» **ABOUT THIS TASK**: Word for word, set down the lines from the one that contains "Graphic Design Services" through the final line of the data; no pictures belong in the copy.

» **GIVEN INFORMATION**:
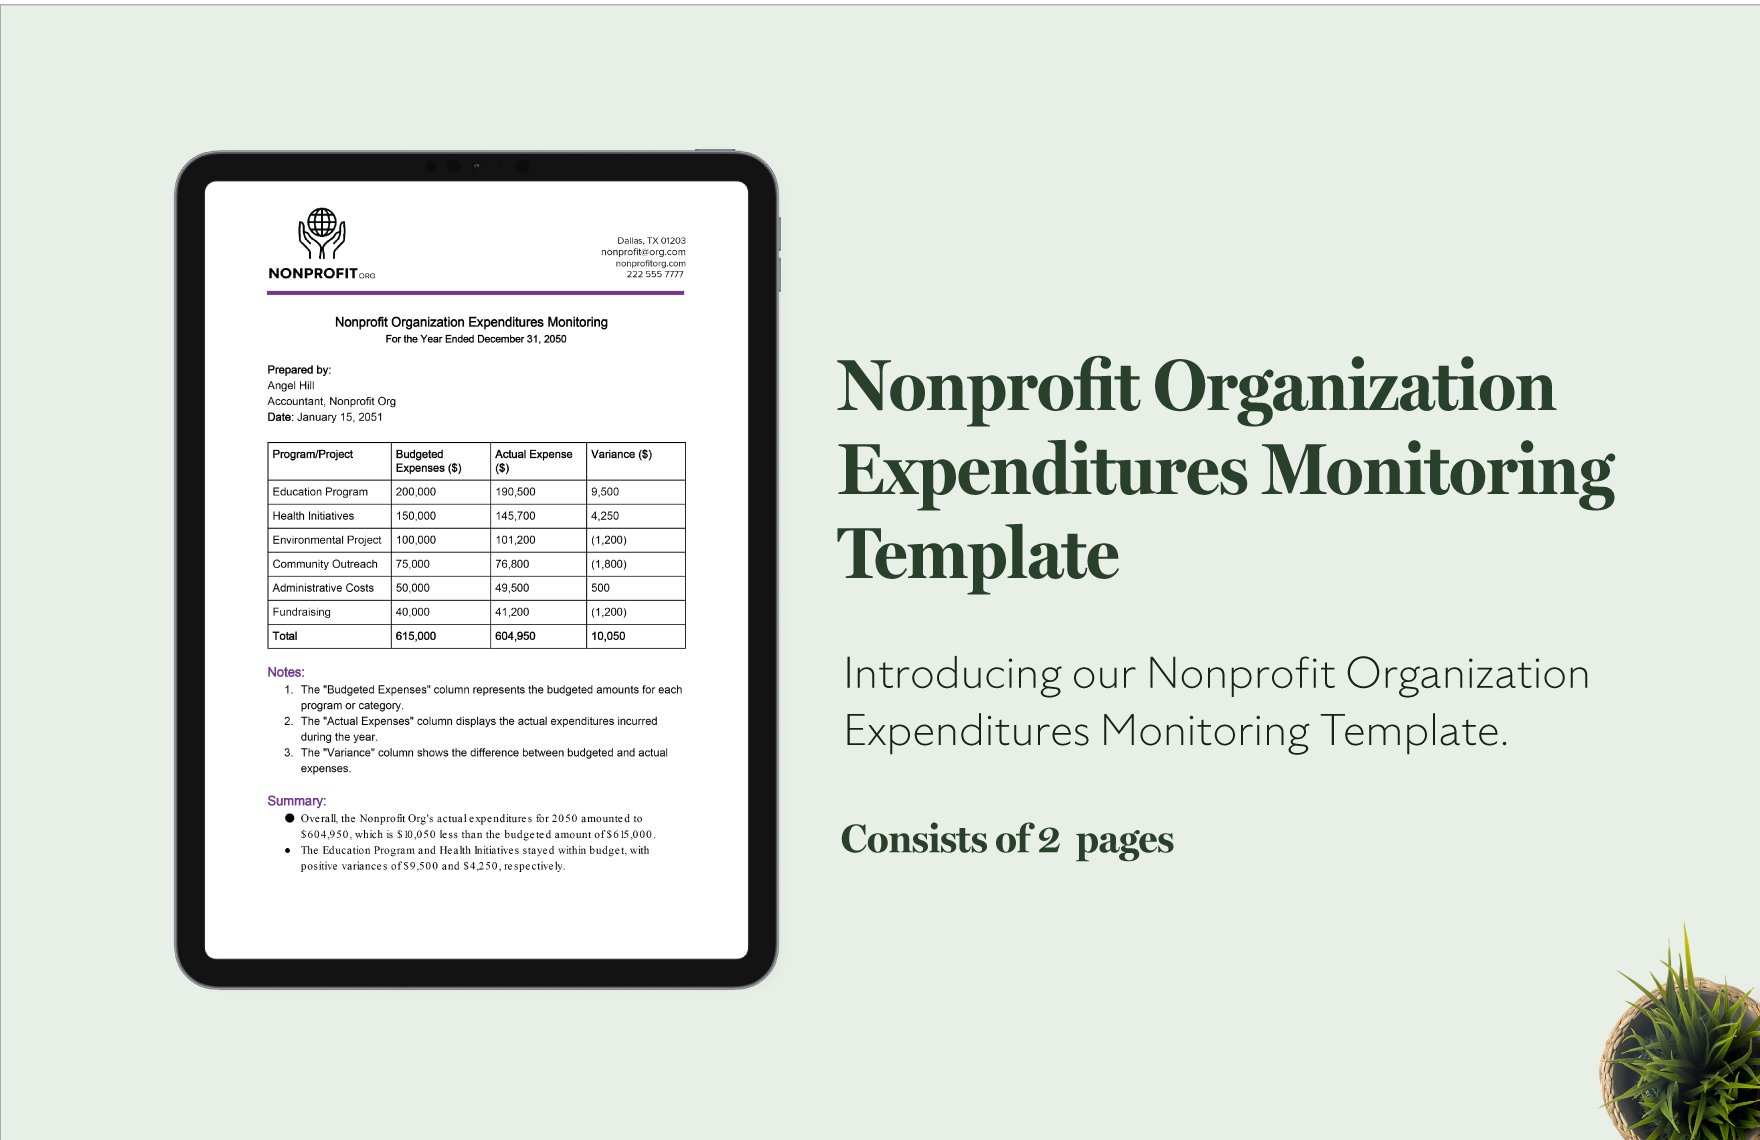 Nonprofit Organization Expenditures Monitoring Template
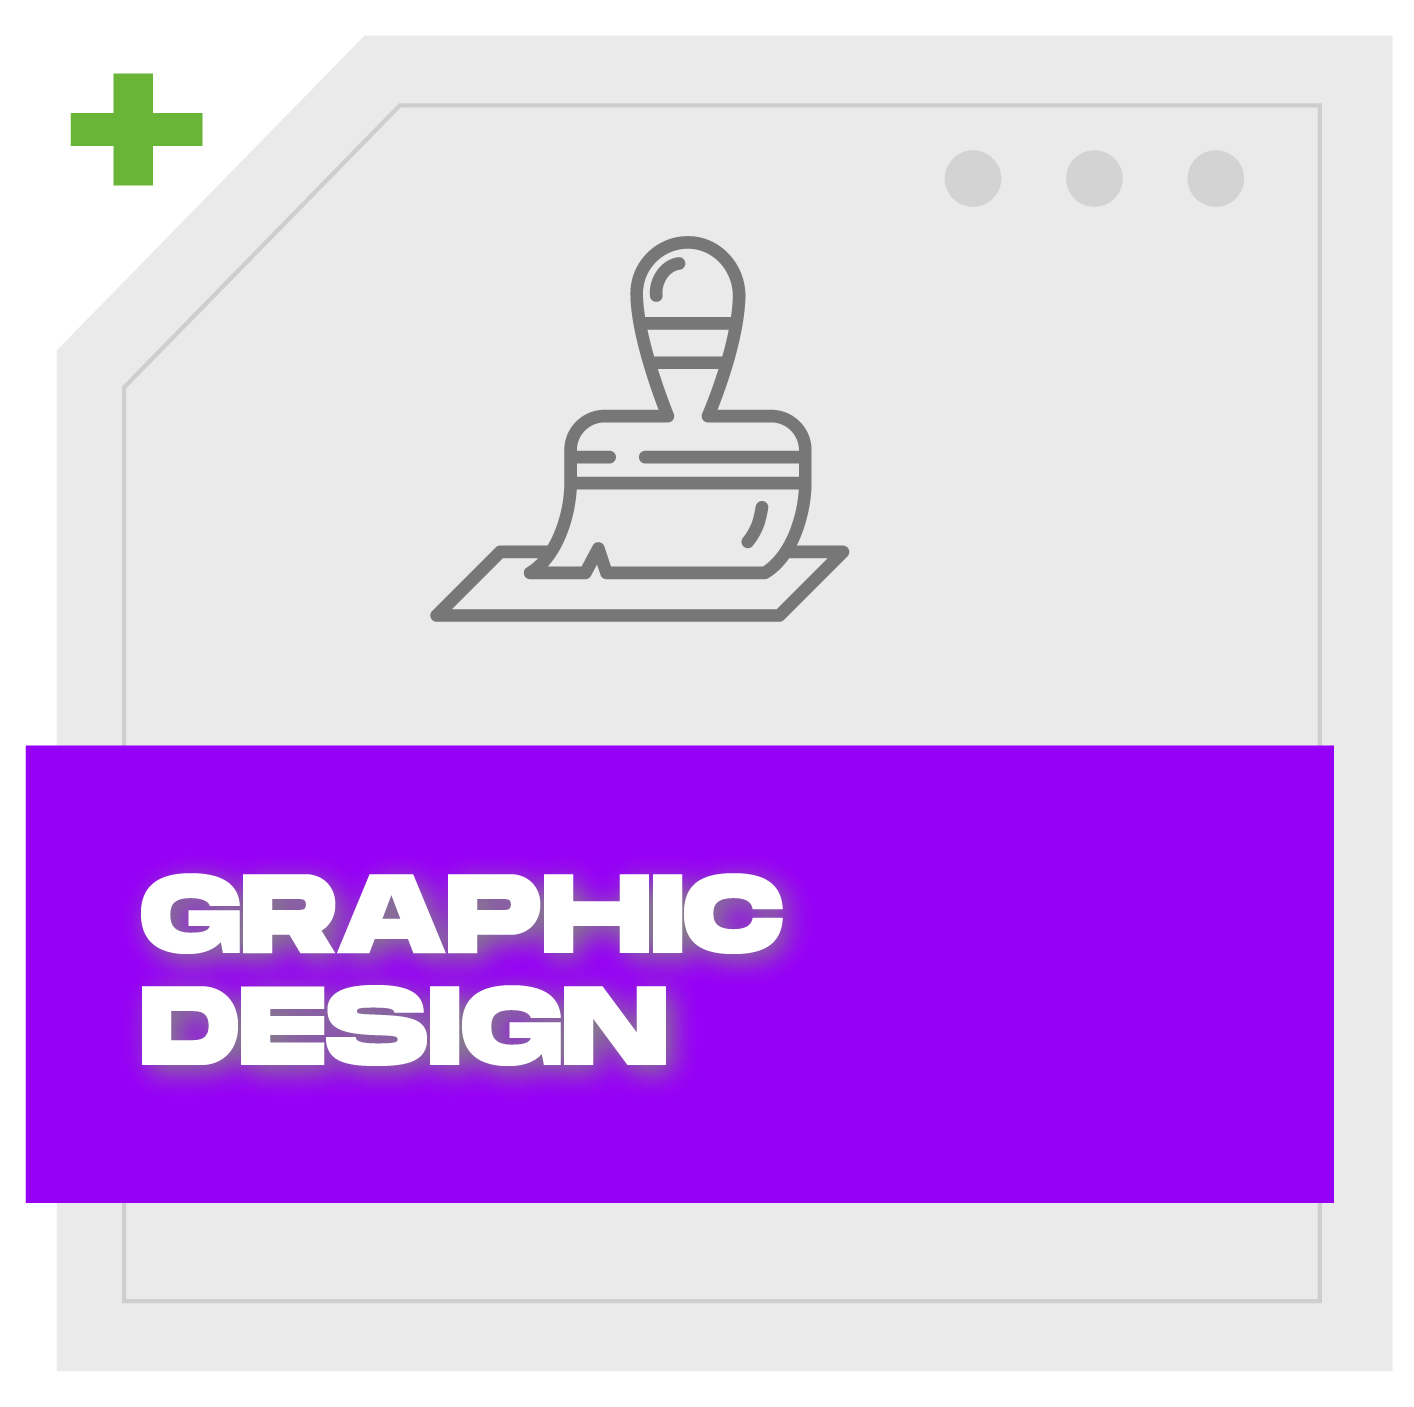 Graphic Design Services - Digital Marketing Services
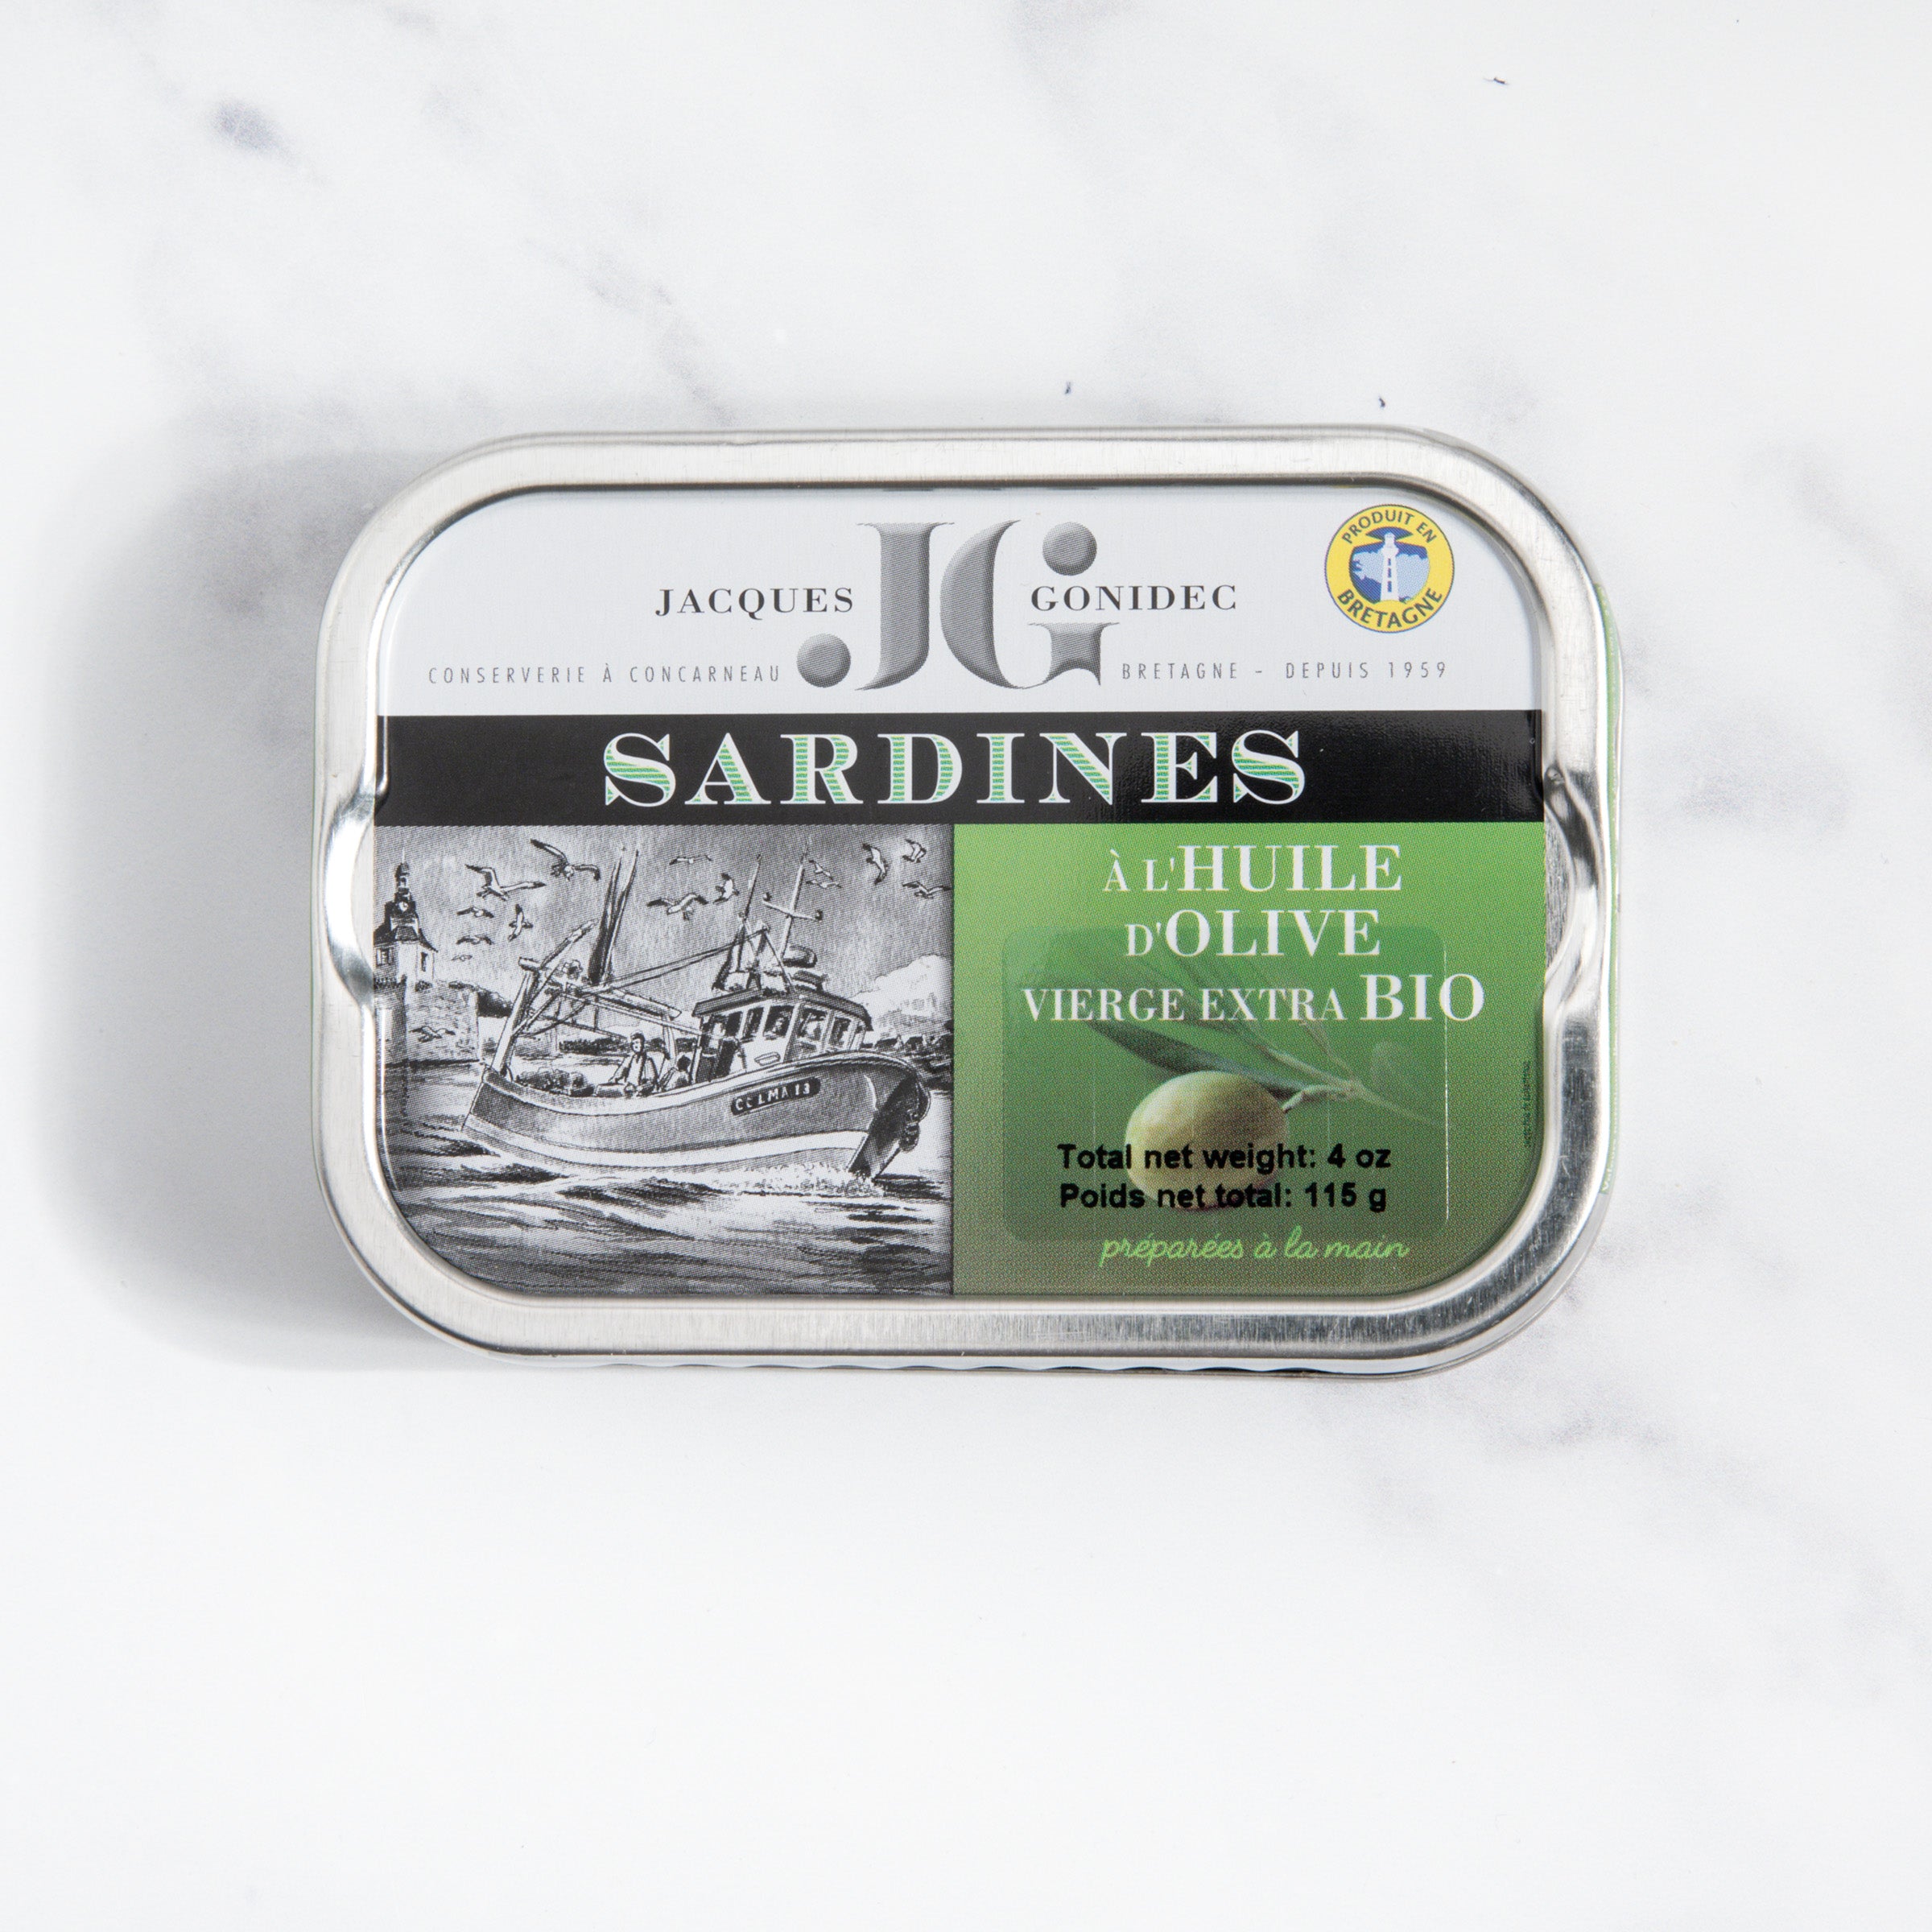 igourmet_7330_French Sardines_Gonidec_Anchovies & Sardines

» **SOLUTION FOR THIS PROBLEM**:
 Graphic Design Services - Digital Marketing Services
 igourmet_7330_French Sardines_Gonidec_Anchovies & Sardines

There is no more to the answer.